A Coupled-Path Retrieval Algorithm for High Resolution Imagers

Retrieval algorithms for typical space borne cross-track or conically scanning imagers assume that the same atmospheric column is observed along the upwelling and downwelling propagation paths. This assumption is generally valid because of the relative observing geometry of the instrument's horizontal footprint and the freezing level height of the atmosphere. Since the horizontal footprint of typical space borne imagers is much larger than the freezing level, upwelling and downwelling atmospheric columns can be modeled with identical precipitation contributions.
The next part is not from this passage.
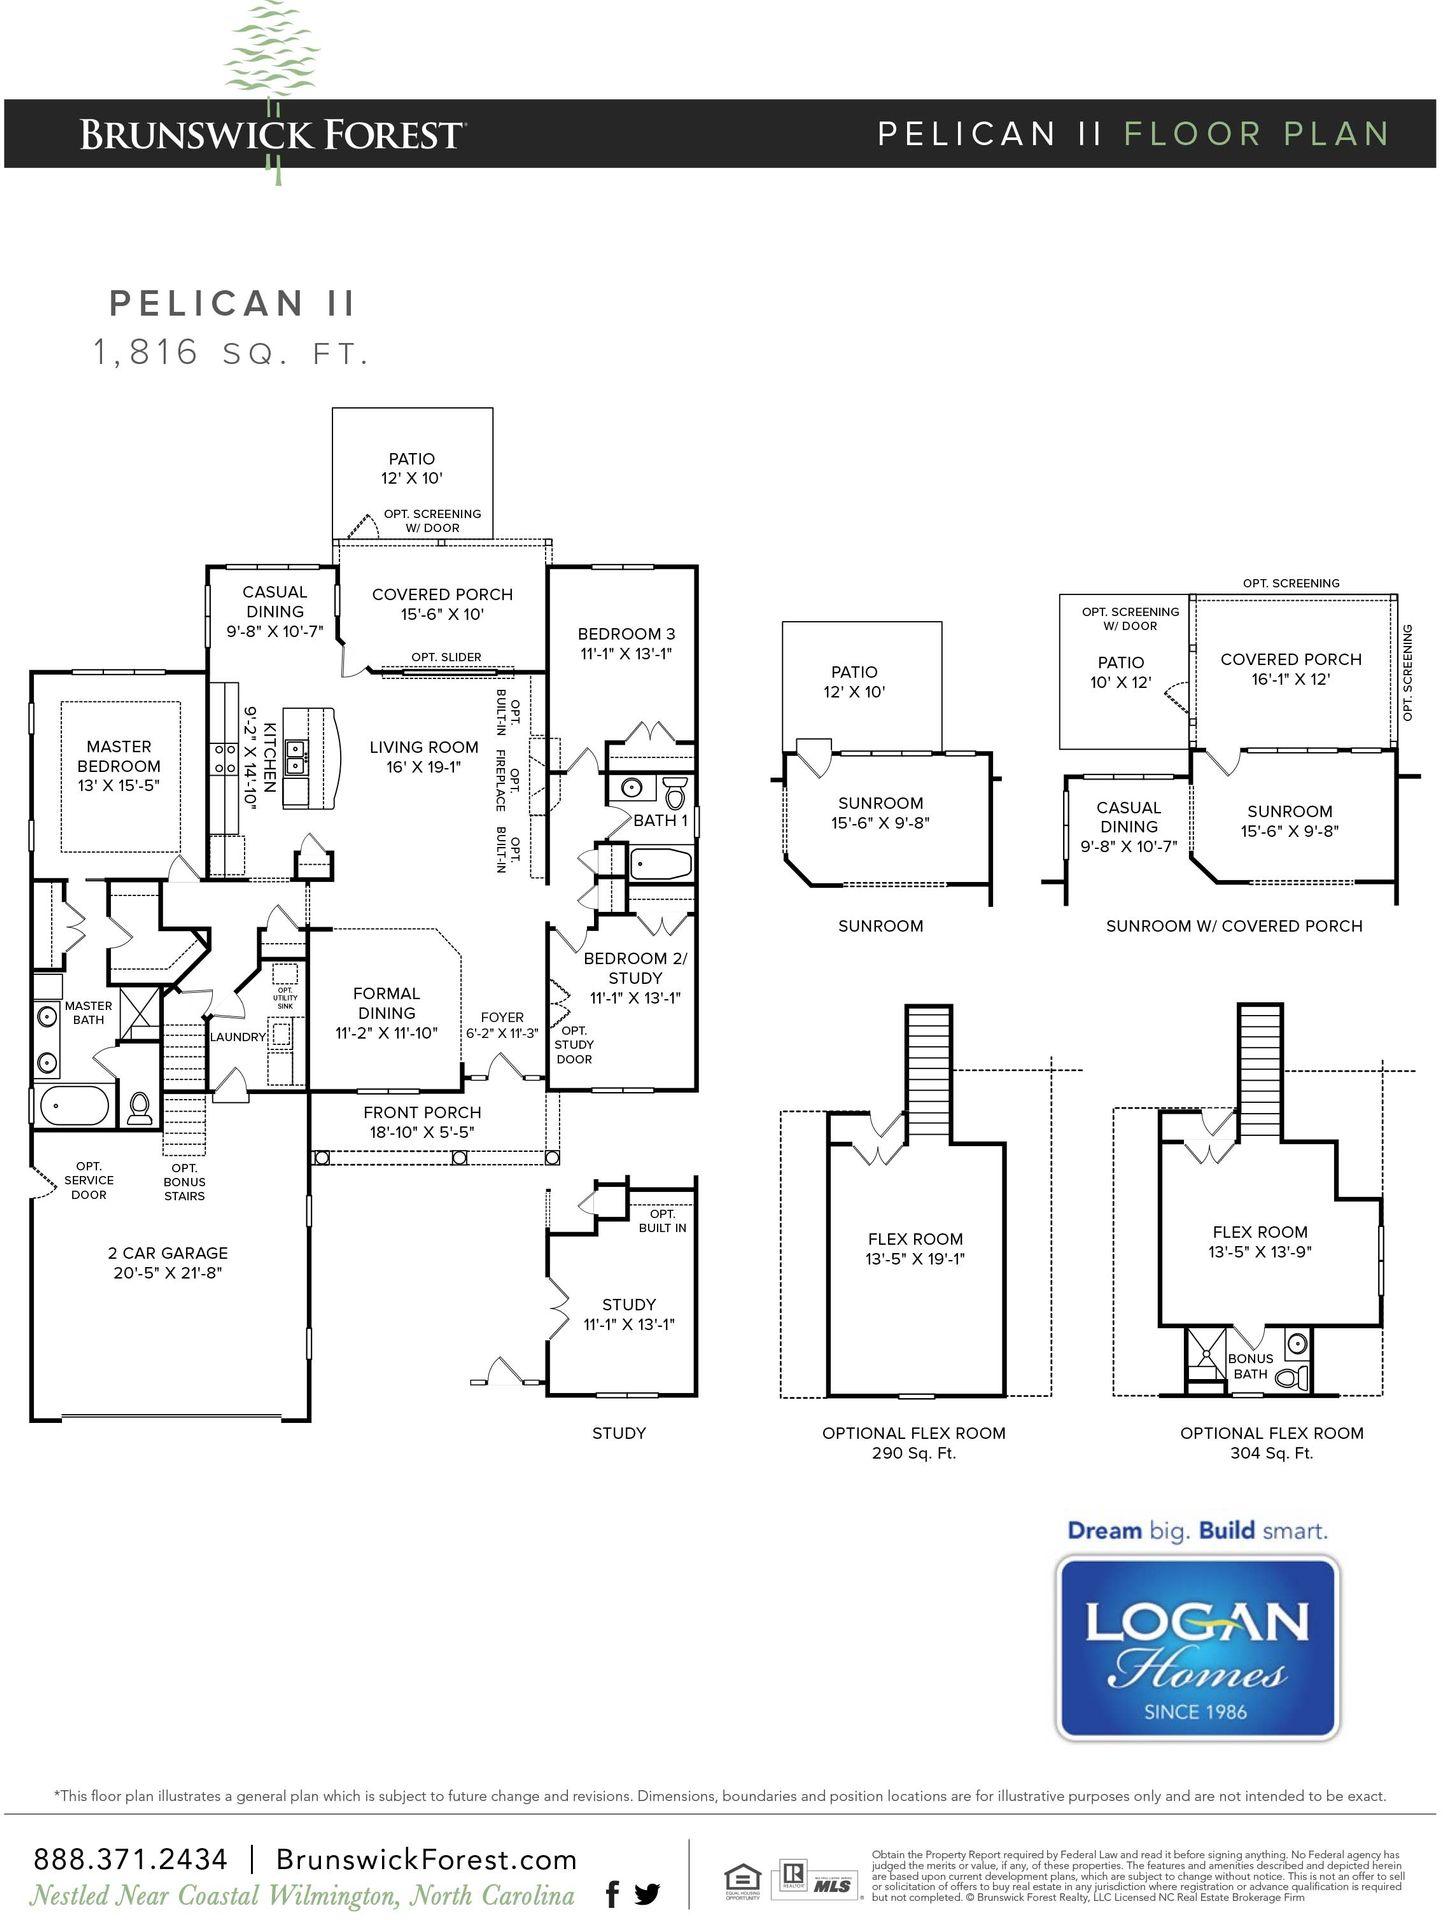 Pelican II Plan, Leland, North Carolina 28451 - Pelican II Plan at ...

This greatly simplifies retrieval algorithms by decoupling the retrieval in each viewing direction from that in every other direction.
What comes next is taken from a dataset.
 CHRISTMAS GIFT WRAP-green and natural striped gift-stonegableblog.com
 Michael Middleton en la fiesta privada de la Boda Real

There are situations in which the identical atmosphere assumption is not valid. These situations motivate the development of a new coupled-path precipitation retrieval algorithm. If the horizontal footprint is comparable to the freezing level height of the atmosphere, there are potential situations in which the precipitation seen along the upwelling propagation path is dissimilar from that seen along the downwelling propagation path. In this case, the forward radiative transfer model (FRTM) needs to take into account two separate precipitation inputs: one for the upwelling TB and one for the downwelling TB. This added complexity allows for the rain absorption coefficient to be computed separately for the upwelling and downwelling paths. More importantly, it couples the retrieval between viewing directions because, for example, the downwelling atmosphere in one viewing direction can be the upwelling atmosphere in another. Using an iterative least squares estimator, surface wind speeds and rain rates are both retrieved simultaneously at all viewing directions with the coupling between viewing directions fully accounted for by the FRTM. The jacobian used in this coupled-path process represents a weighting function that defines which precipitation observations along the full swath of observations contribute to a single TB.
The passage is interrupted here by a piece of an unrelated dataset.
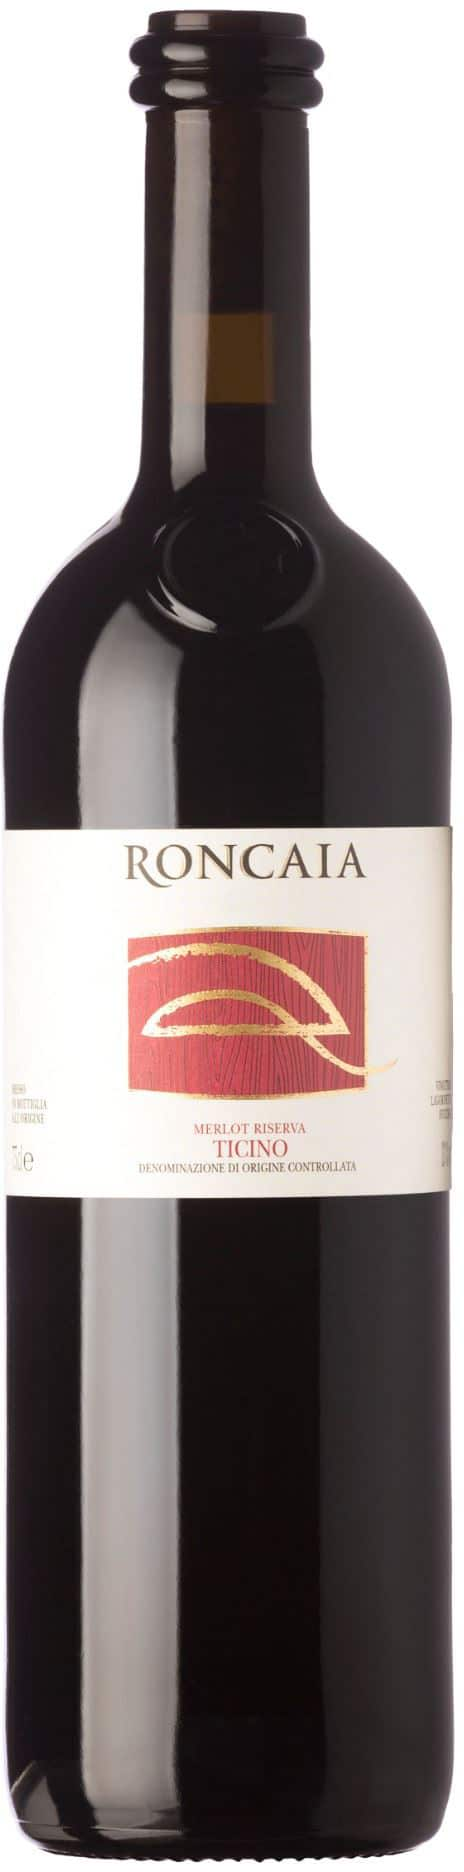 Roncaia Riserva

The coupled-path algorithm is demonstrated using observations made by the Hurricane Imaging Radiometer (HIRad) – an improved version of the Stepped Frequency Microwave Radiometer that is currently under development by NASA, NOAA, the University of Central Florida and the University of Michigan. HIRad's horizontal footprint is similar to that of the freezing level height. Using the coupled-path retrieval algorithm, typical hurricane rain distributions can be accounted for. Flights over Hurricanes Earl and Karl during GRIP (Genesis and Rapid Intensification Processes) provided observations for developing a coupled-path precipitation retrieval algorithm for HIRad. However, other high-resolution imagers could potentially employ this coupled-path algorithm method.